So yesterday, I had some pre-op labs drawn and another MRI to make sure there isn’t a syrinx in my cervical vertebrae. The awesomeness that is my husband was with me for both appointments. :) I’m hoping the MRI didn’t show anything, because if it did, I’d have to have a more intrusive operation, which is definitely something I don’t want to do if I can avoid it. Apparently, my heart rate was a little high, but I was kinda nervous, and the nurse explained that that alone could cause a slight increase in heart rate. Tomorrow makes two weeks until my surgery date. Yikes.
as you can imagine, shit is just fkd up right now. but i wanna say thank you to all our
friends and family (which are kinda one in the same) for all the love and support.
i’m glad to know that all the love that Yauch has put out into the world is coming right back at him.
thank you.
Full spine MRI tomorrow. So not excited. Hope I can be still long enough!
beautifulfitme asked: i just found your tumblr. i have chiari and syringomyelia too. (idk if you have the syringomyelia with your chiari) but im about to get my surgery too. where are you from?
We have not found any syrinx or syringomelia with my Chiari, but I have a pre-op full spine MRI on Tuesday to make sure there isn’t anything down further than my first MRI showed.
I am being treated here in Portland, OR at OHSU, my hometown. :)
While I enjoy the sound of the rain, beating against the windows and ceiling, at this hour, I have to admit I would rather hear the gentle breath of my sleeping husband beside me. But alas, sleep is evading me this evening. And so, in my dimly lit living room, I sit in a quiet corner with a book, escaping to a more exciting place, hoping the adventures of these characters can calm my mind and bring sleep to me.
I am scheduled for surgery on May 24th. The surgery I am having involves the removal of a small part of the back of the bottom part of my skull and part of the C-1 vertebrae. So basically, my skull is too small for my brain. Before I have surgery though, the doctor has ordered a full spine MRI to make sure there isn’t a blockage anywhere of the flow of cerebrospinal fluid to and from my brain. He doesn’t really think the MRI will show that, and neither do I, but we have to be 100% sure before proceeding with surgery. This really seems like pretty standard surgery to me, and I’m actually not scared at all. The thing that is messing with me is tat this will be the first time I haven’t slept next to my husband in years, and of it weren’t for the meds I know they’ll pump me full of, I’d be a little scared that I wouldn’t be able to sleep without him next to me. Not the doctor cutting off part of my skull, but not cuddling with my hubby. That, and how much I’ll miss waking up the kids in the morning and tucking them in at night. The hubs and the kidlets. That’s what I’m worried about. Hmm
I wonder what that says about my priorities.

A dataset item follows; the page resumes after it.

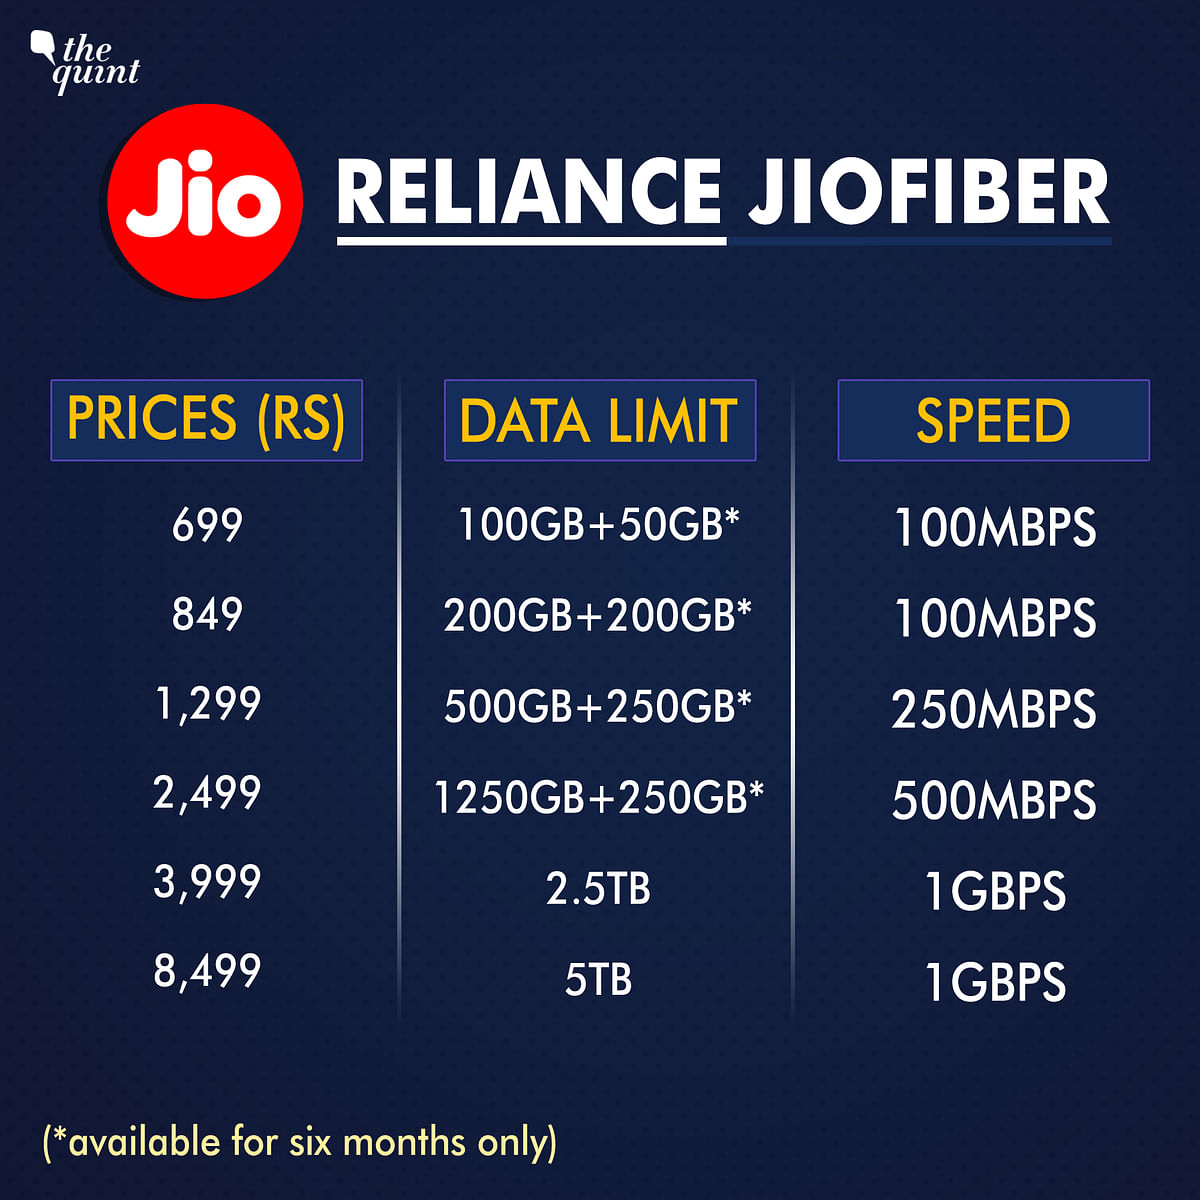 Airtel’s latest set of data plans now offer speed up to 1Gbps which is similar to what JioFiber is offering.
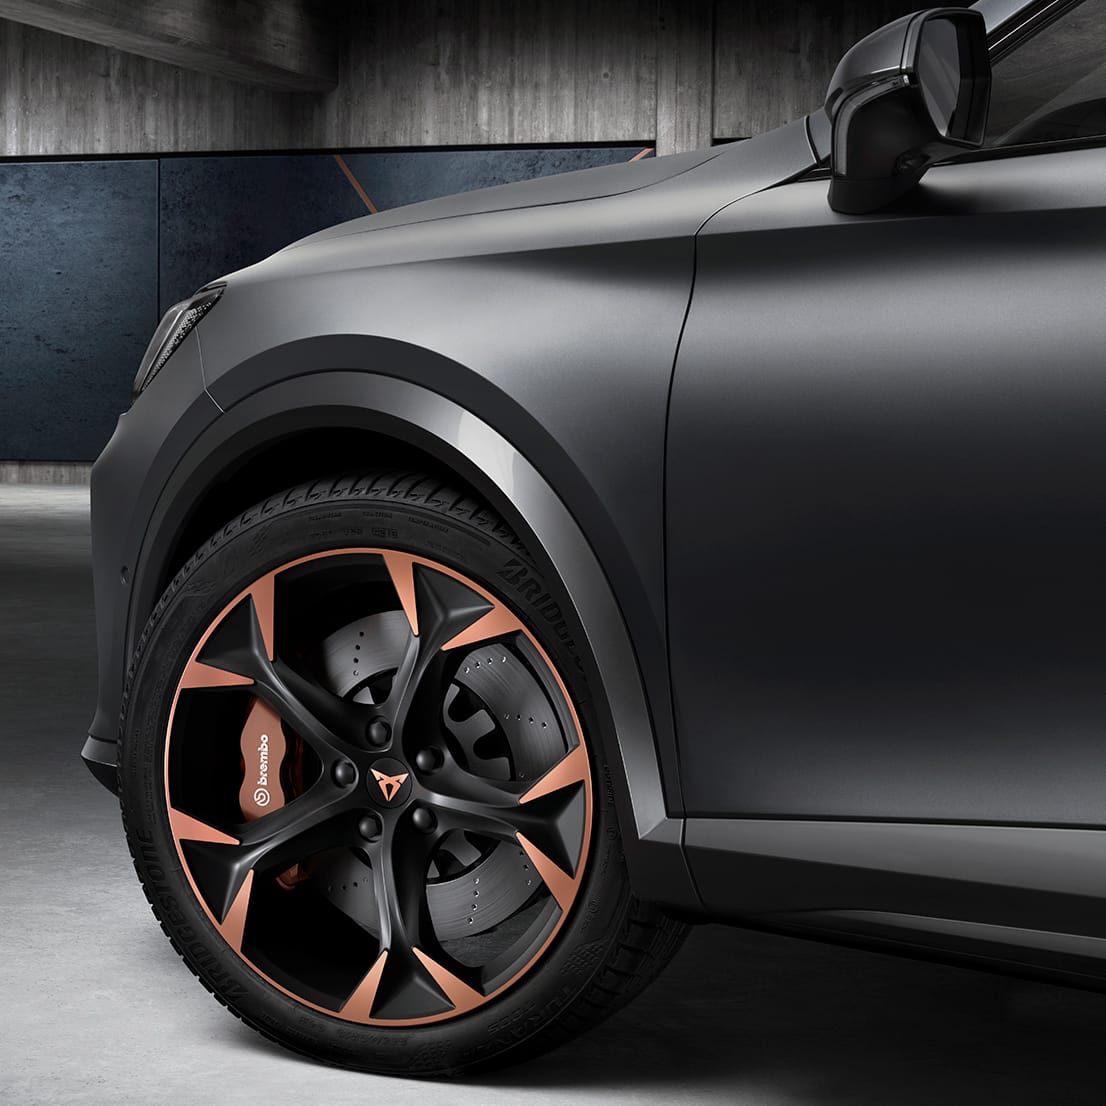 new CUPRA Formentor SUV coupe 19 inch alloy wheels close up view

I’m so lucky. I have the most amazing husband and family ever. Through all this bullshit, they’ve been so amazing and supportive of me. Especially with all the stuff I read about people who get a chronic problem like this and their family abandons them or doesn’t believe them about it. My family kicks ass.
Met w/ the neurologist today. He says there isn’t a reason he can see for my brain ventricles to be enlarged, and there is no apparent obstruction of CSF flow that the MRI shows. Which is good. He gave me some more pain meds, which I’m both grateful for and bugged by. I don’t wanna have to have pain meds, but I’m glad they’re there for when I need them.
Next Friday I meet with the neurosurgeon. And then we get to see if he thinks I’m a surgical candidate. Honestly, I kinda hope so. I want this bullshit gone, even if it means I have to have a nasty scar on my head to get there.